While it did not pass, LB 44 highlights the need for companies that do business across state lines to be aware of the tax collection and reporting requirements in those states. Businesses don’t want to be surprised with a five or six figure (or more) tax bill from another state in later years. If you, or your client, has been selling in other states and has not confirmed compliance with the laws of those states, feel free to contact a member of the McGrath North Tax Group to discuss this further.

South Dakota Remote Seller Requirement Works Its Way Through The Courts

We had previously highlighted South Dakota’s remote seller requirement. In 2016, South Dakota passed a law which required any entity exceeding an annual sales threshold of $100,000 or making at least 200 separate sales in South Dakota to collect South Dakota sales tax. This was passed as a direct challenge to the U.S. Supreme Court decision in Quill Corp. v. North Dakota, which decision prohibited states from requiring remote sellers to collect sales tax. The South Dakota law also included a provision which precluded the state from enforcing the requirement until the legal issue was resolved.

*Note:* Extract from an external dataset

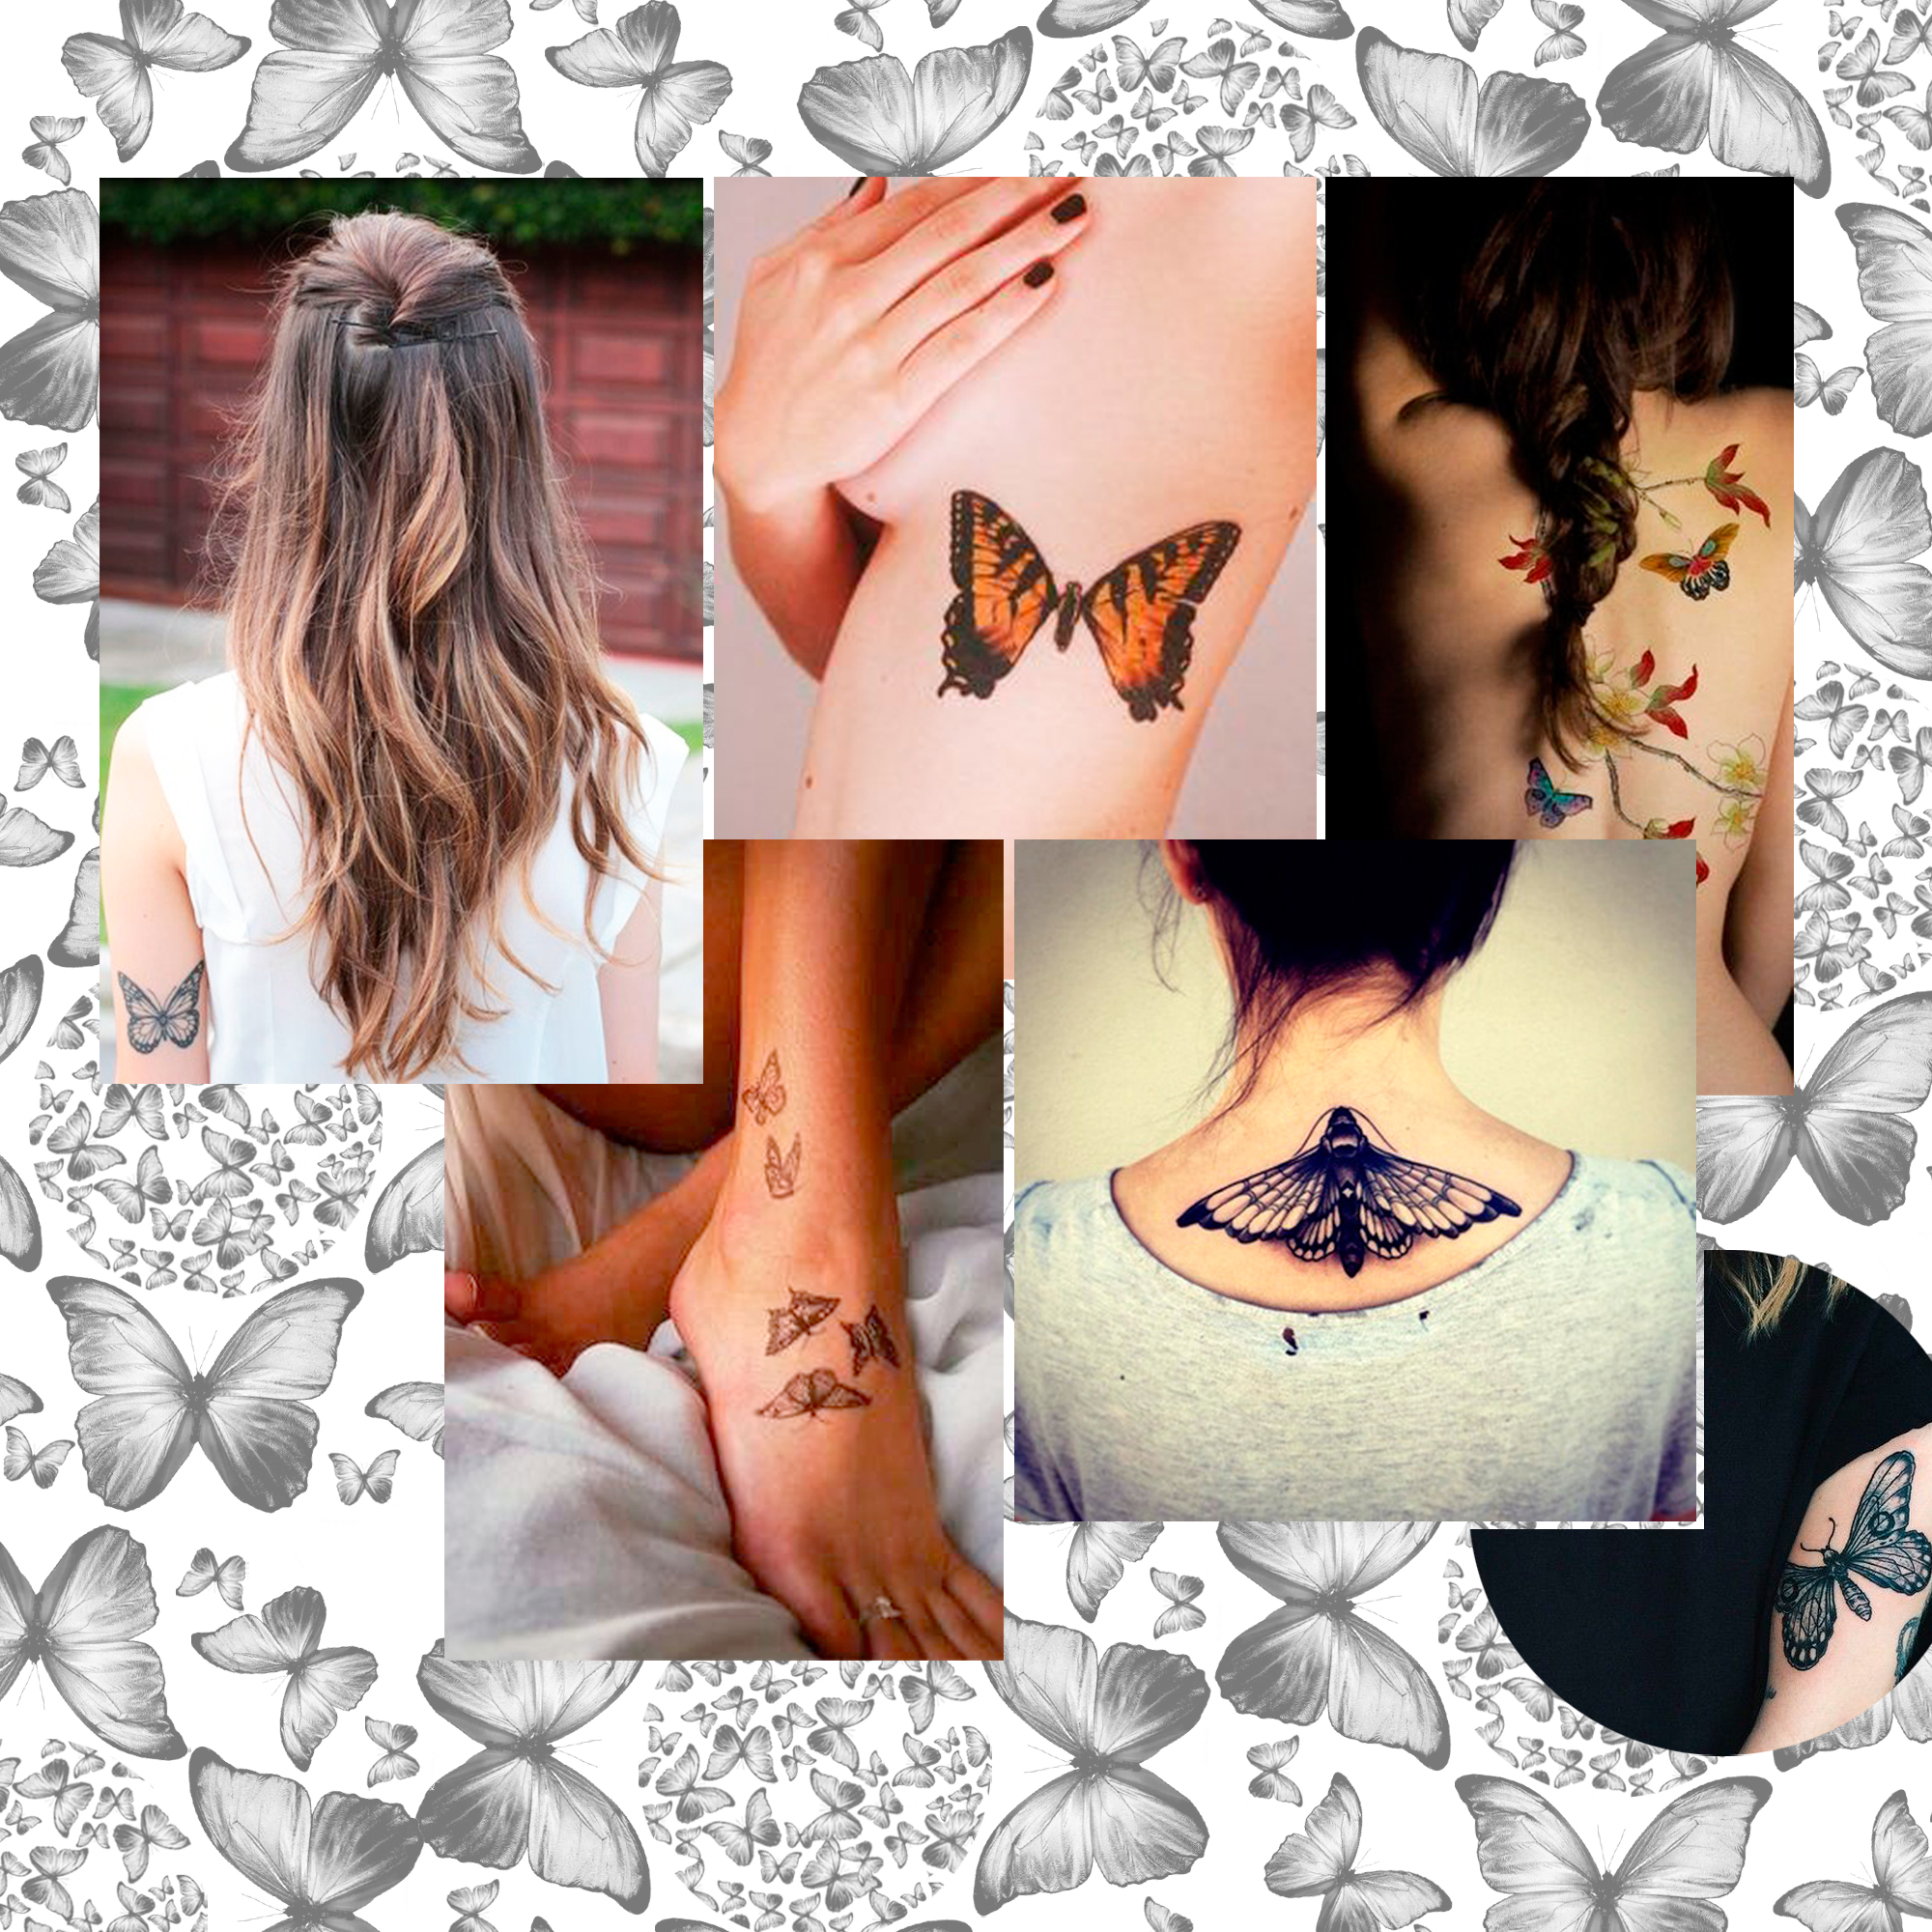 tatouage papillon les plus jolis mod les de tatouages. Black Bedroom Furniture Sets. Home Design Ideas

On March 6, a South Dakota Circuit Court, on the authority of Quill, held that the law was unconstitutional and enjoined the state from enforcing the law. The court noted that it was not the place of a state circuit court to disregard a ruling from the U.S. Supreme Court. This decision paves the way for an appeal to South Dakota’s Supreme Court. We’ll plan to keep you informed of the developments regarding this law, since we realize that many Nebraska companies regularly sell into South Dakota.